[PROBLEM REQUIREMENTS]: Take the entries below and retype them word for word, excluding the images.

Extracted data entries
######

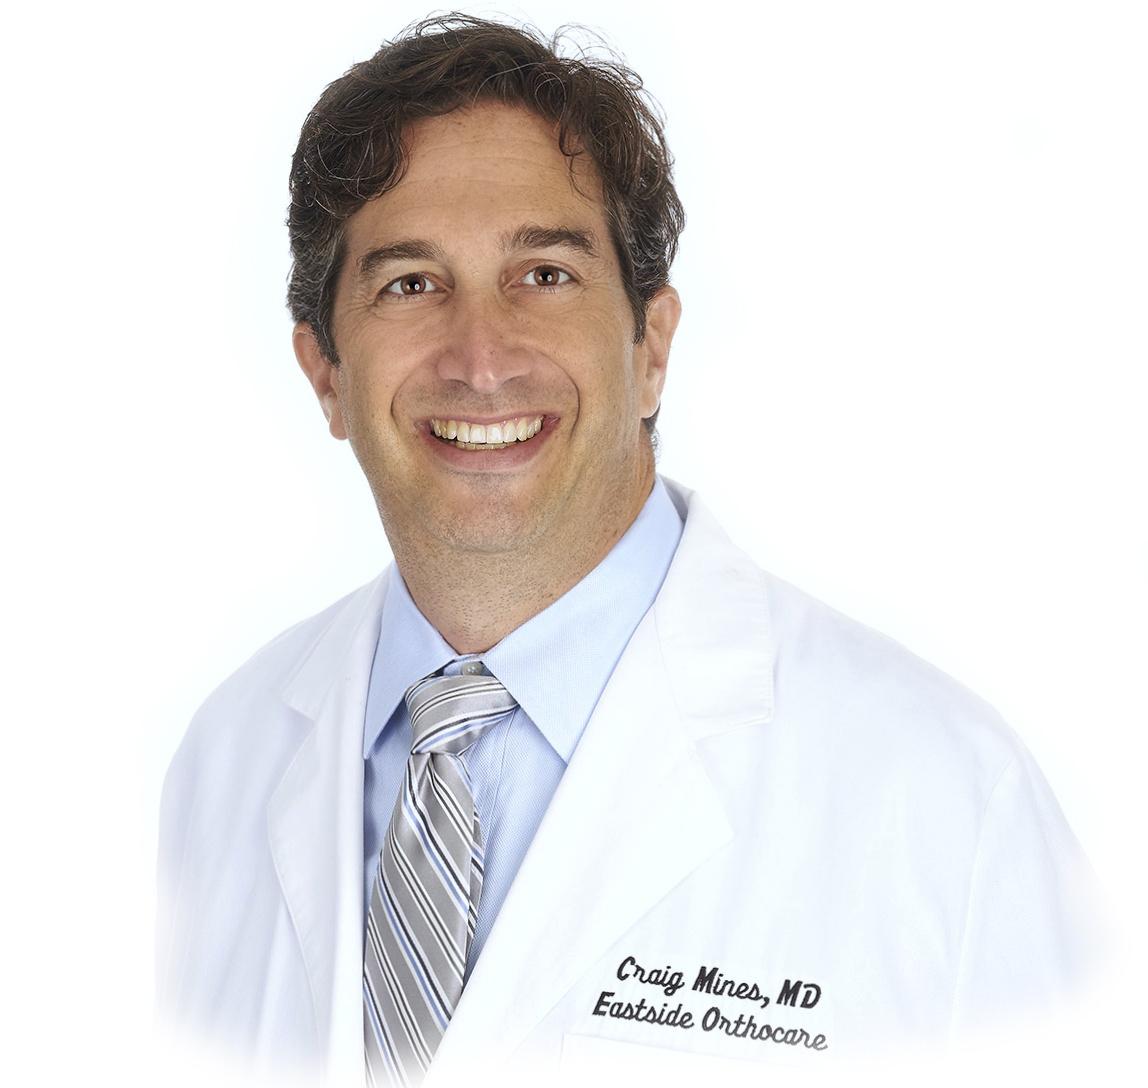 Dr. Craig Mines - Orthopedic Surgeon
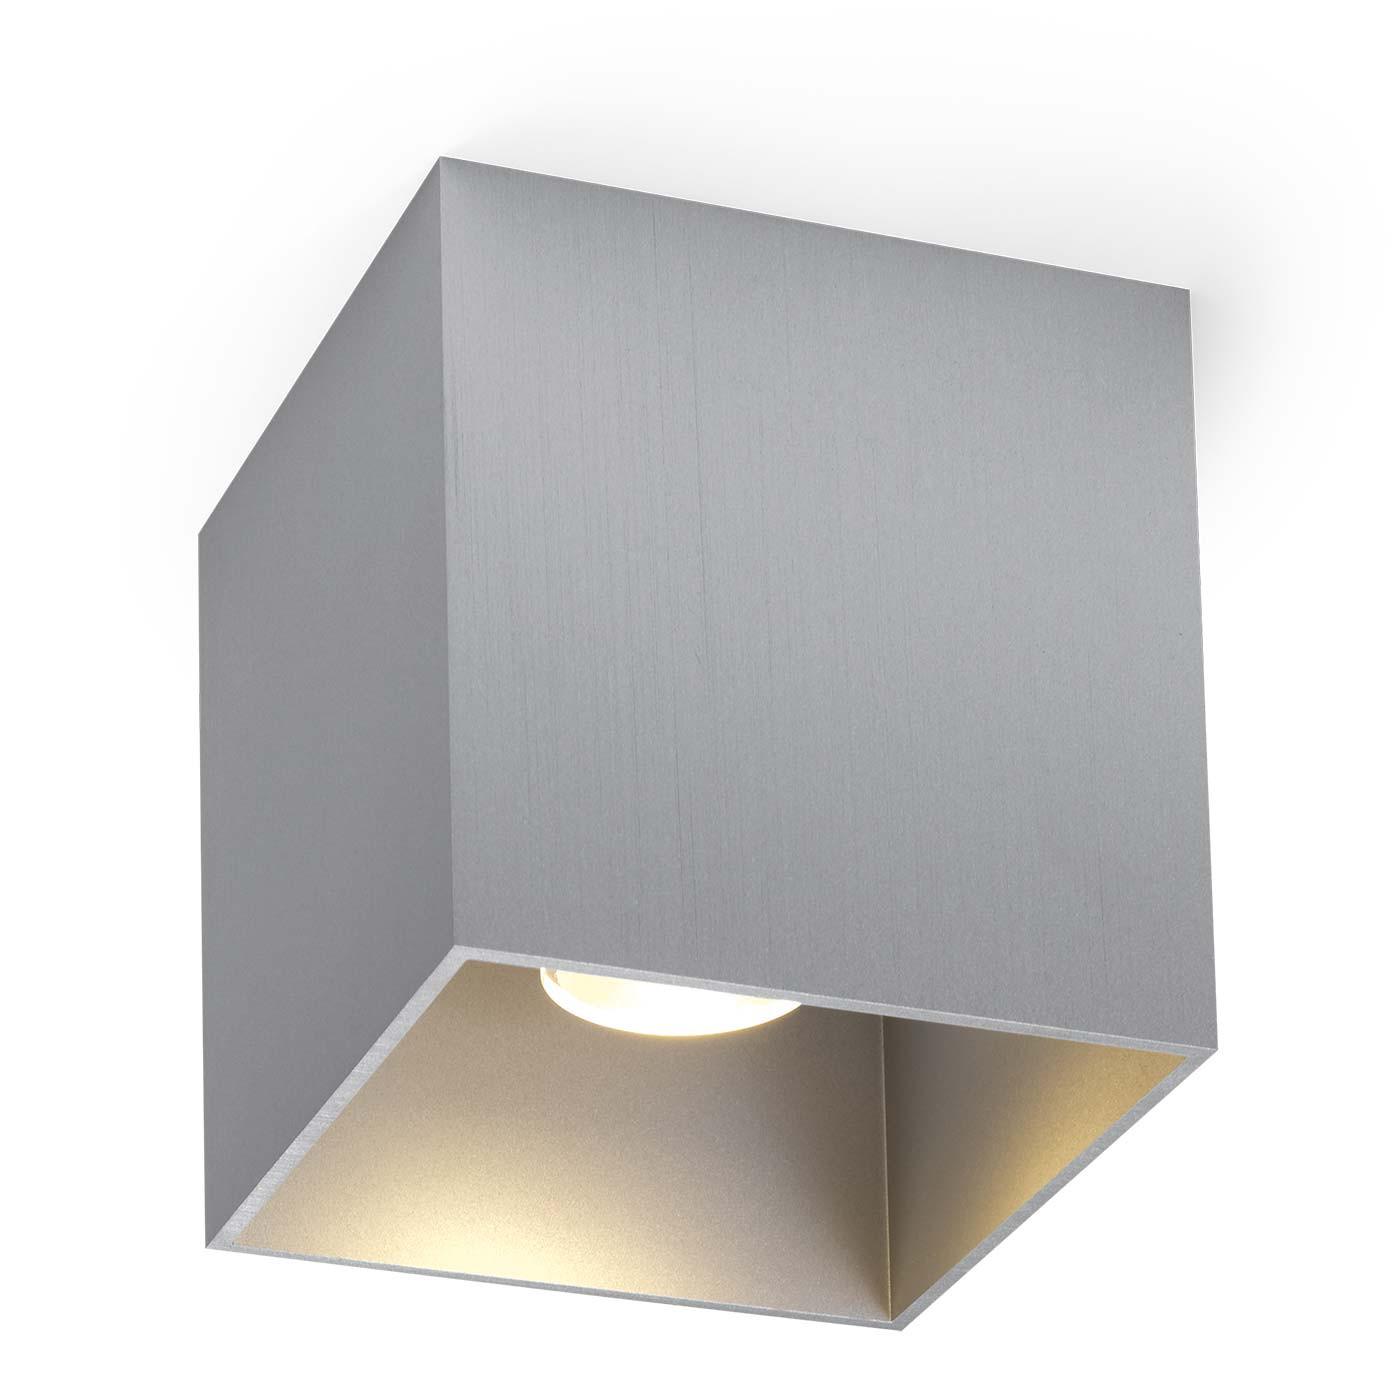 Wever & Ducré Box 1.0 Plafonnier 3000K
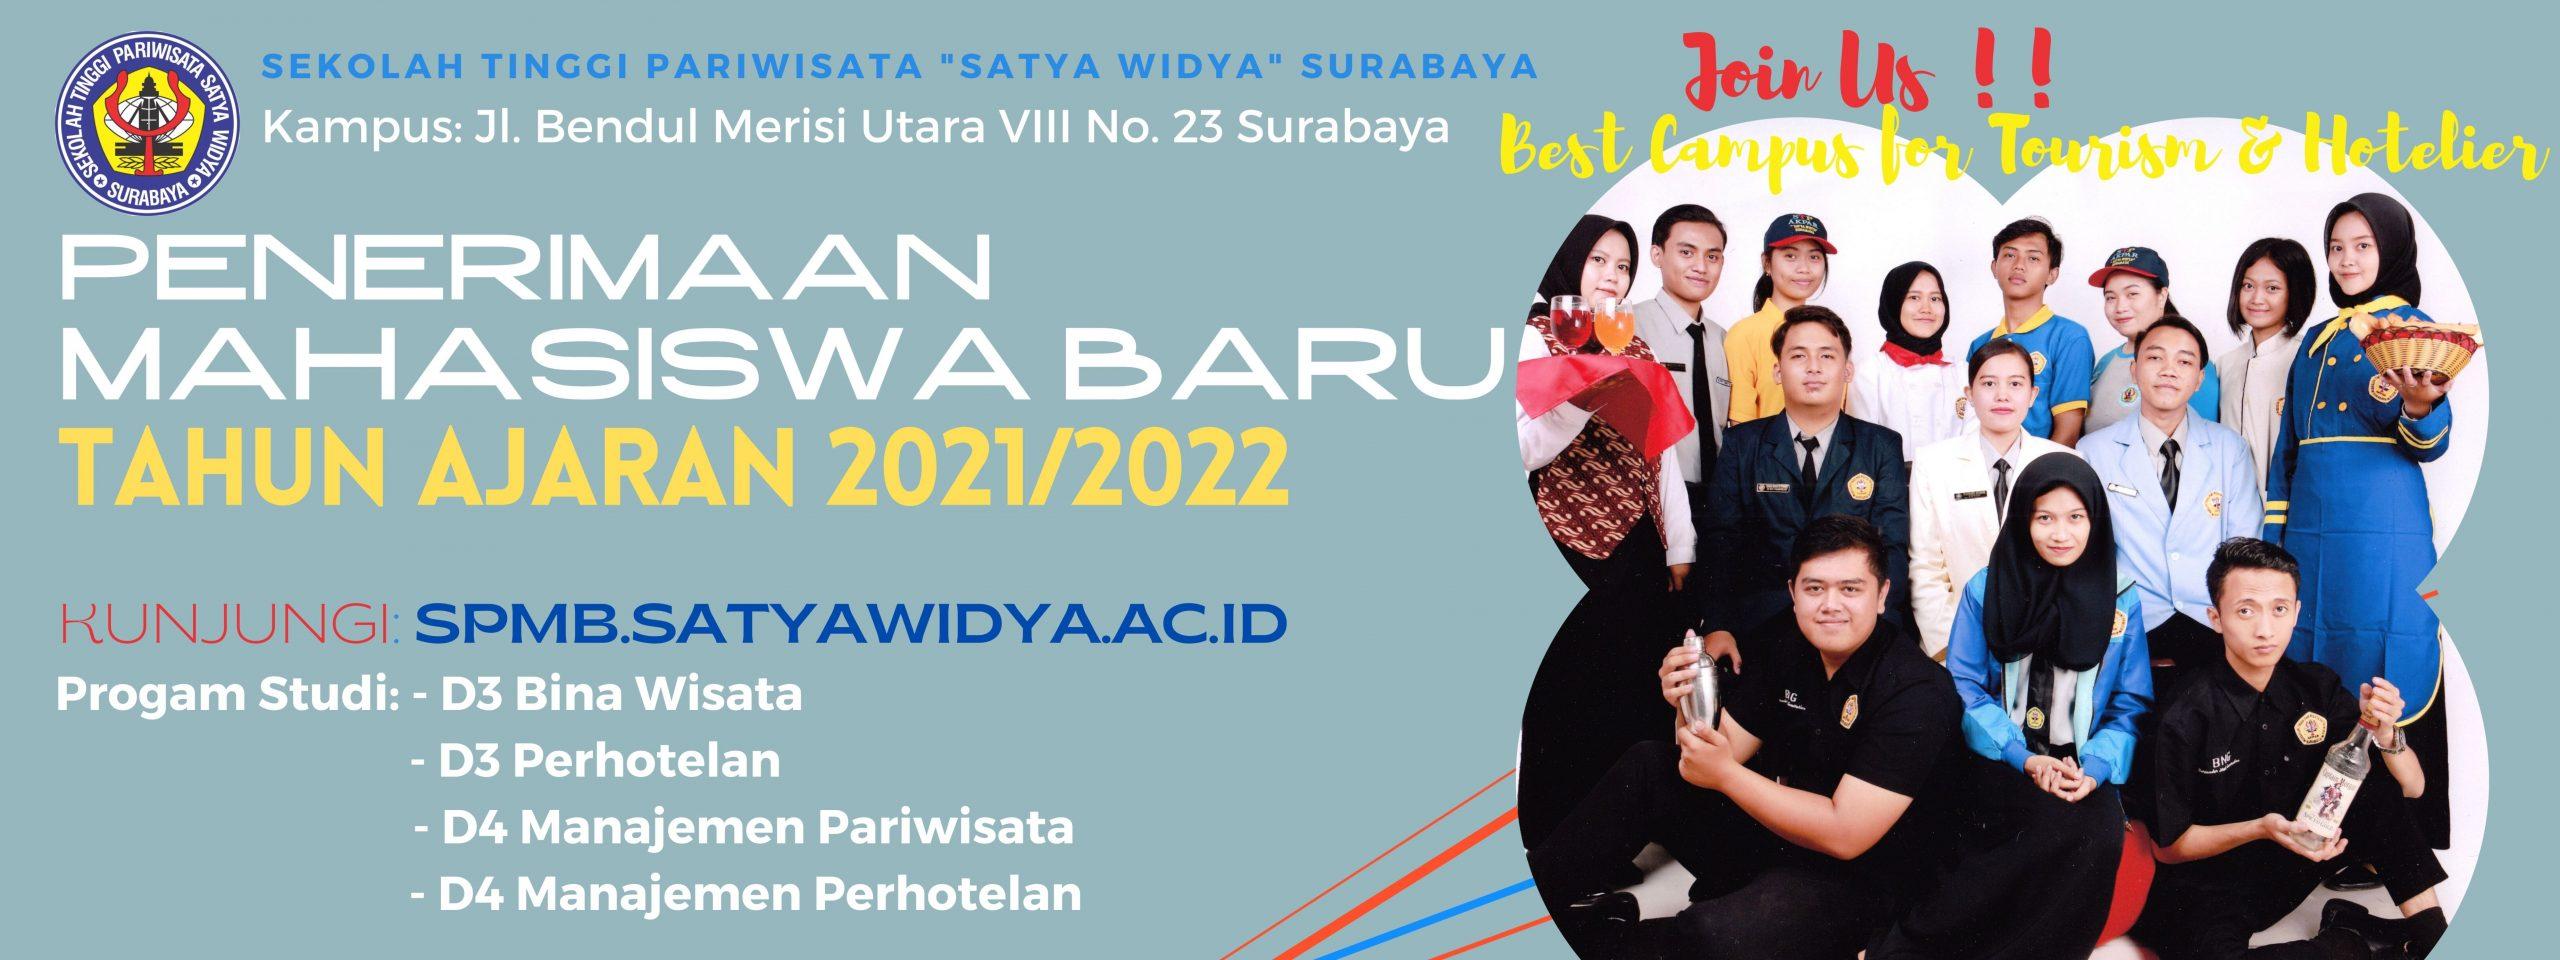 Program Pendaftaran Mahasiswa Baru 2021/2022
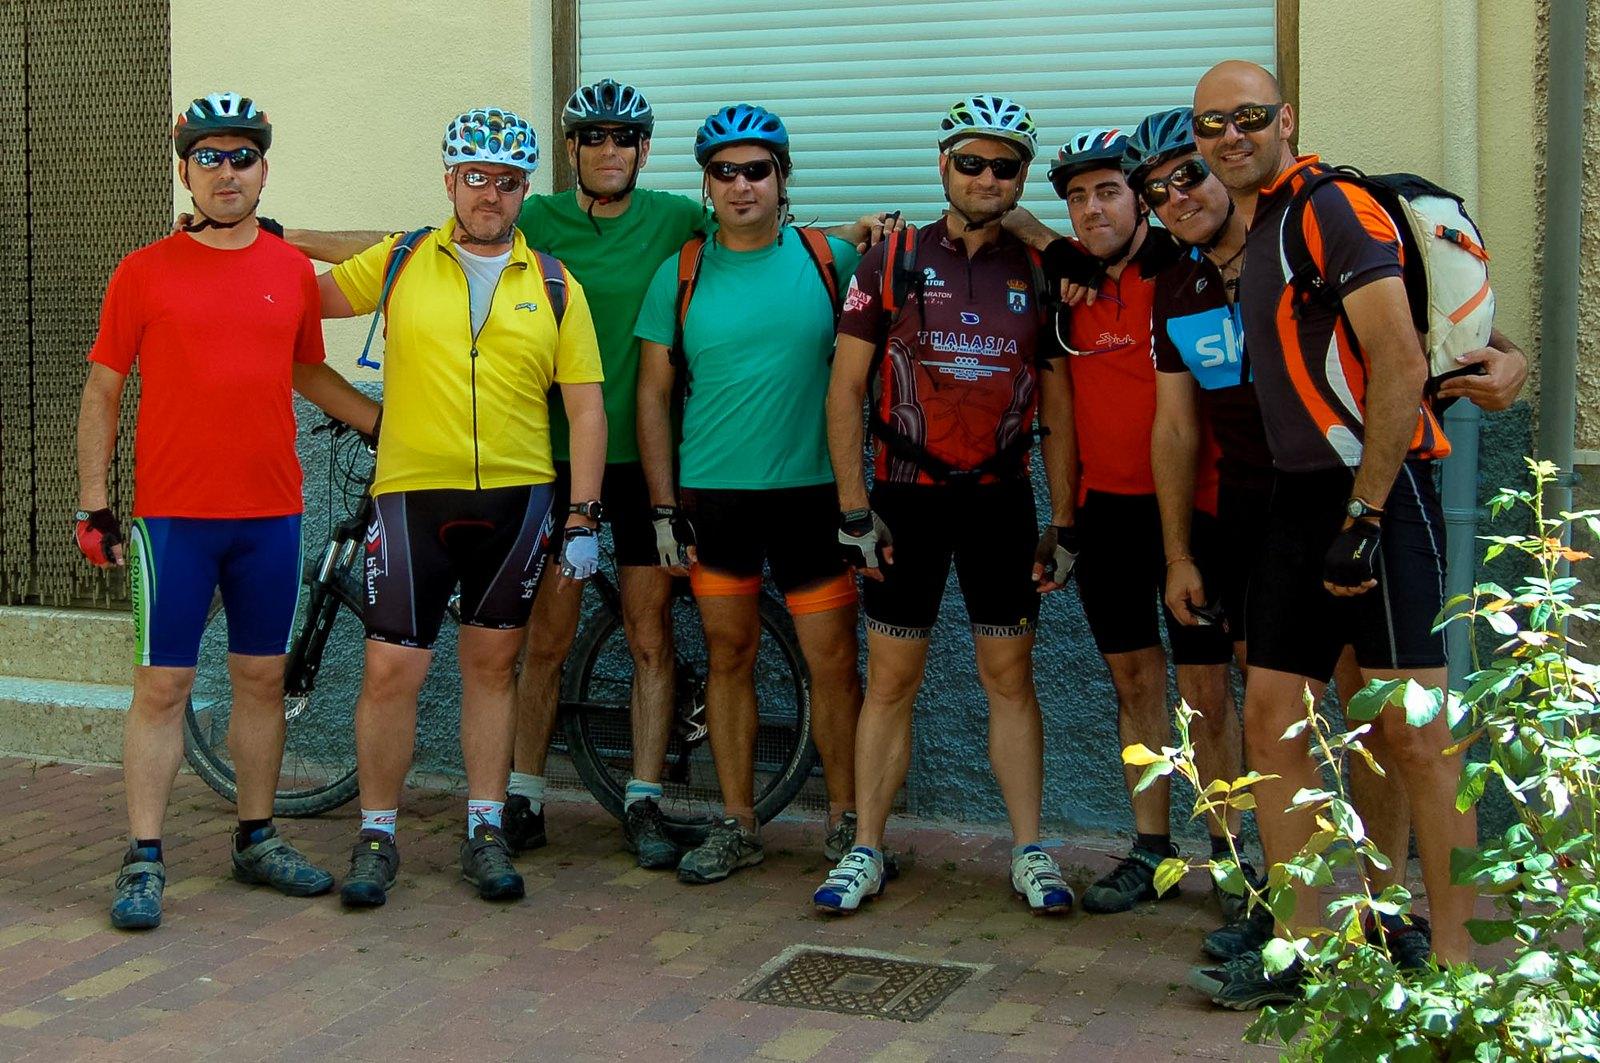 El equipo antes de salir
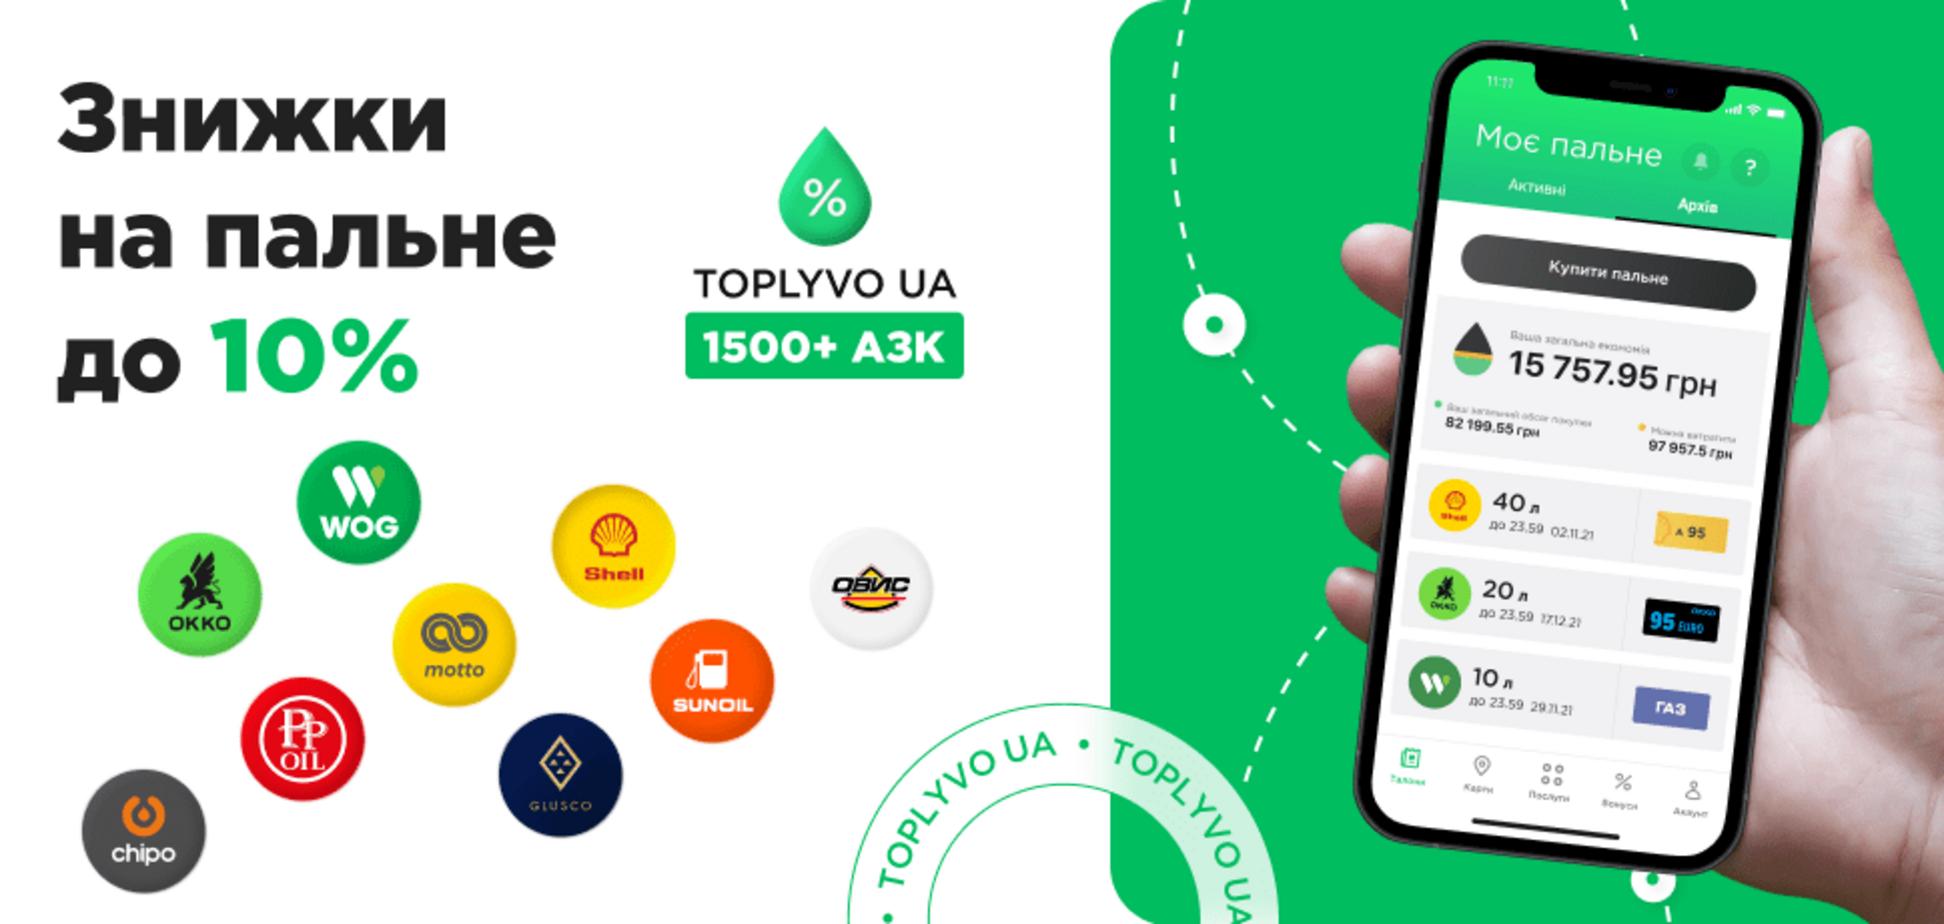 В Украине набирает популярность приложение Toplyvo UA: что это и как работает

######

[TASK SOLUTION]:
 Dr. Craig Mines - Orthopedic Surgeon
 Wever & Ducré Box 1.0 Plafonnier 3000K
 Program Pendaftaran Mahasiswa Baru 2021/2022
 El equipo antes de salir
 В Украине набирает популярность приложение Toplyvo UA: что это и как работает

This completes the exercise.